@ZayB: It might be so--very likely, in fact: it'd be a fine way to illustrate the hotheaded girl's hair-trigger temper. However, I think that there's another pair of reasons why it's done: first, in an attempt to appear fresh (I don't get how at this point, when it's been done for years by now), they create in such girls and their characterization a rejection of traditional ideas of beauty--the girl, along with the MC's inexplicable interest in her and/or everyone else's high evaluation of her looks, is actually an instance of the author asserting, "Hey--girls like this are beautiful too~". The reader is railroaded into accepting this if any sort of immersion is to take place.
The second is a form of virtue signaling. It extends beyond looks and includes personality--you can see this in at least two of the Shanaclones--Louise and Taiga of Toradora. Both of them have abhorrent personalities (Louise goes so far as to
savagely whip Saito--imagine seeing those wounds given by a guy to a girl), and neither of them receive comeuppance for what they do--only the MC's acceptance of all her flaws (in addition to their very few redeeming character traits) over every other (patently superior, especially in Louise's case) girl that shows up. Perhaps it's an extreme version of the assertion described above, in which the author says that the girl can be so repulsive as to abuse her lovers, but is still supremely lovely.

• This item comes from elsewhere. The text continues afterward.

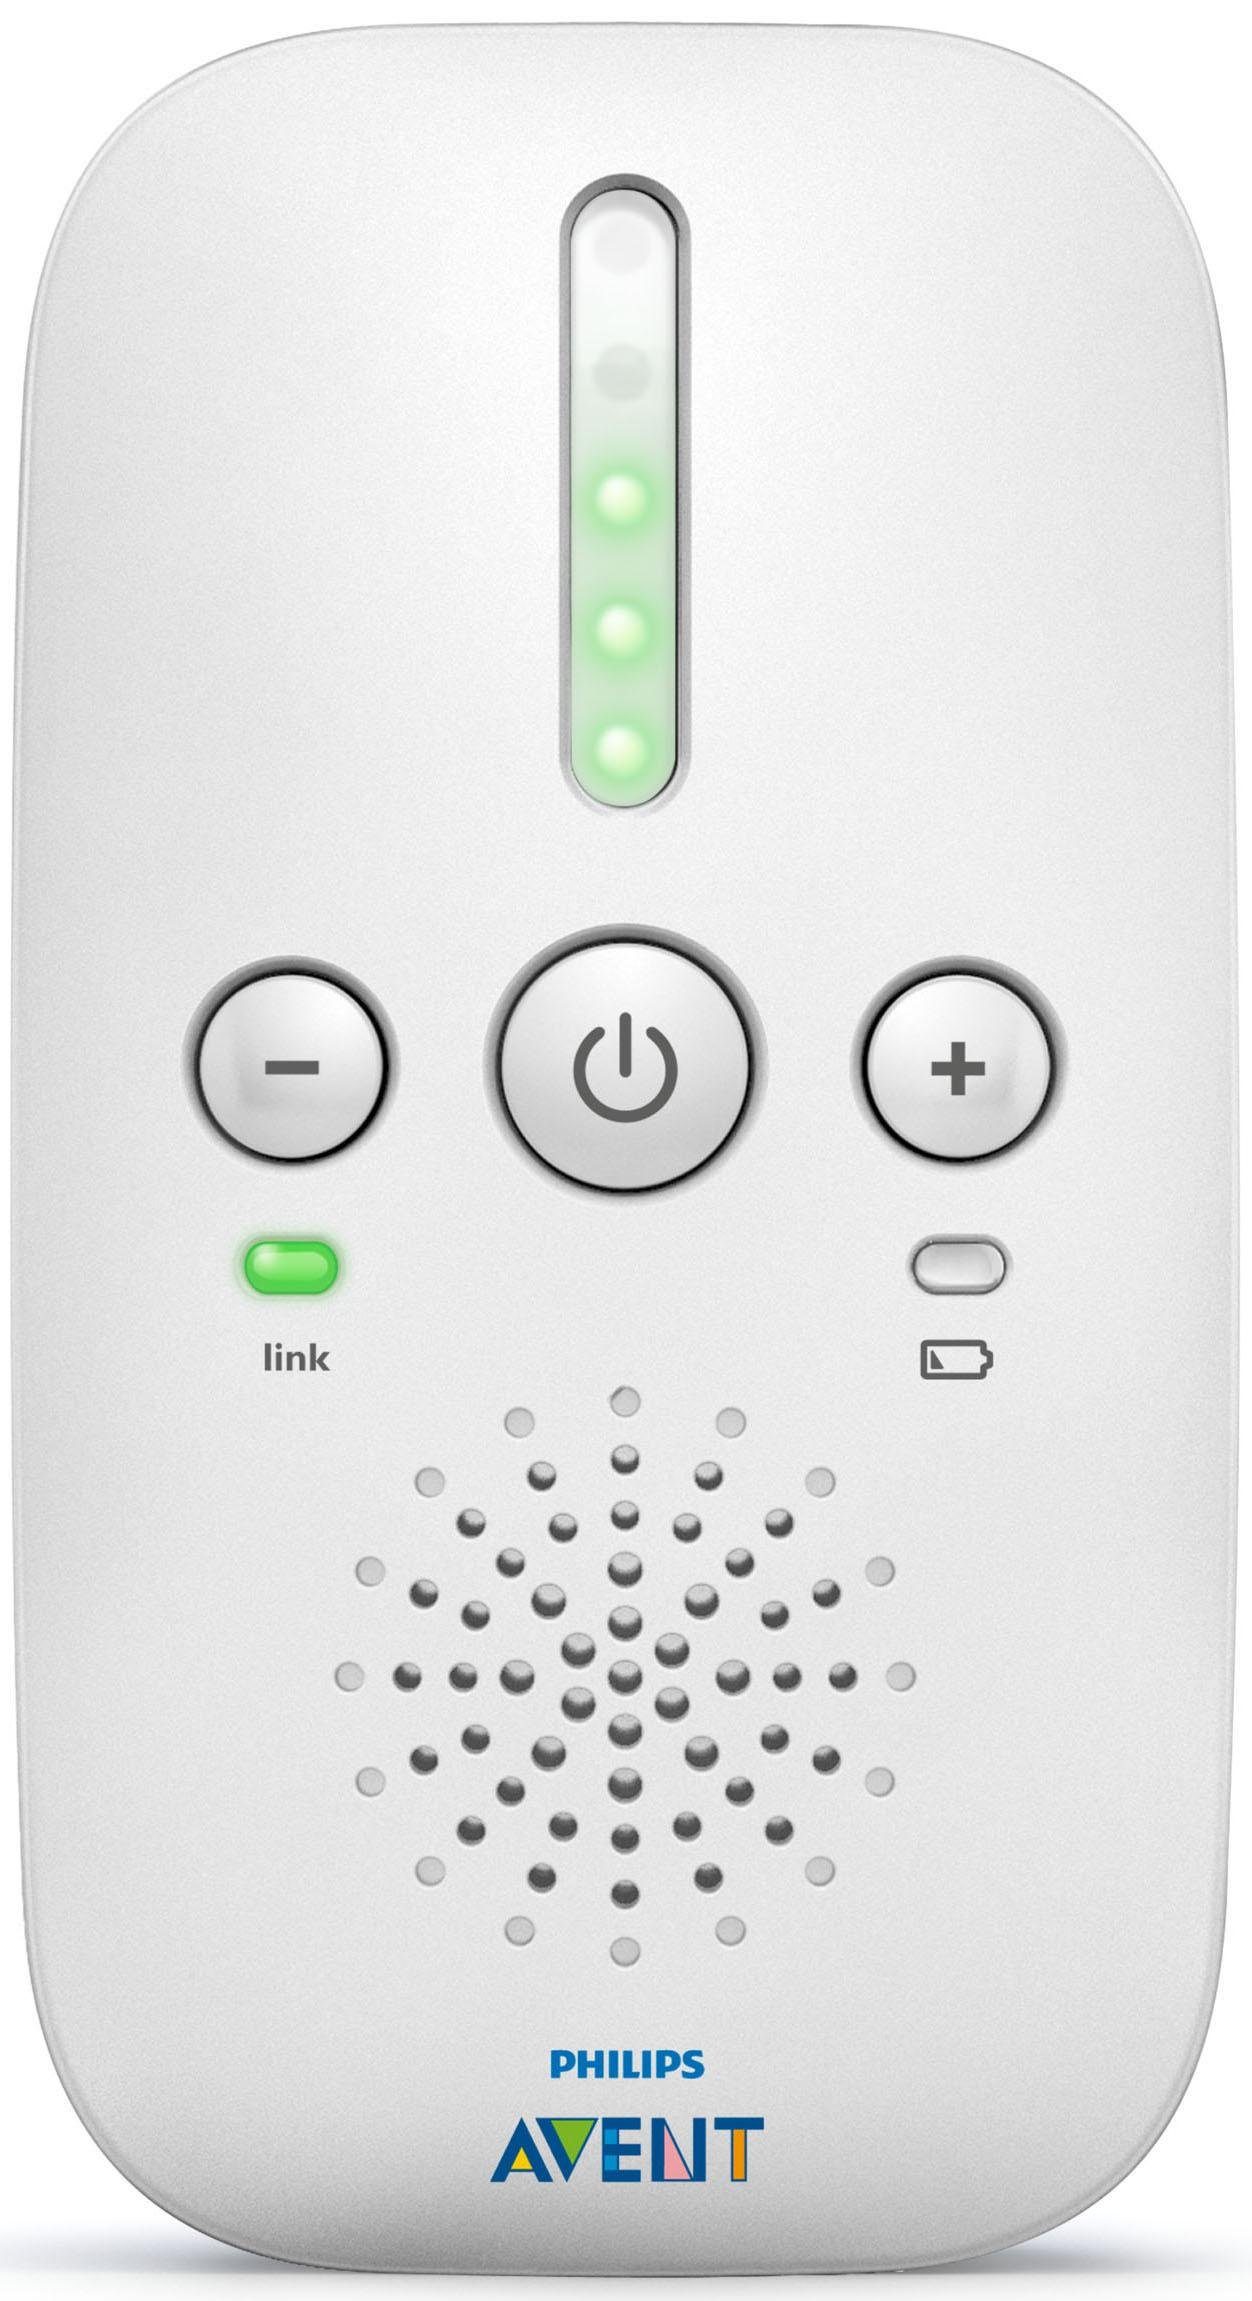 Philips AVENT Babyphone SCD503/26, mit ECO-Modus Nachtlicht Smart und

Anyway, I watched both to the end, but I didn't come away from either one with positive thoughts. Shana, I didn't like because the twist ending was poorly executed; Zero...just seemed like a waste of time, with Saito pledging so much loyalty to Louise the way he did, at the end. By that time, almost every girl around him proved themselves a better choice, with Louise constantly raging the way she did from episode one--supposed to be the modern tsundere appeal, I guess. And as you said, people liked it then, and they still like it now--even over instances of properly beautiful, genuinely sweet girls. Perhaps it's masochism.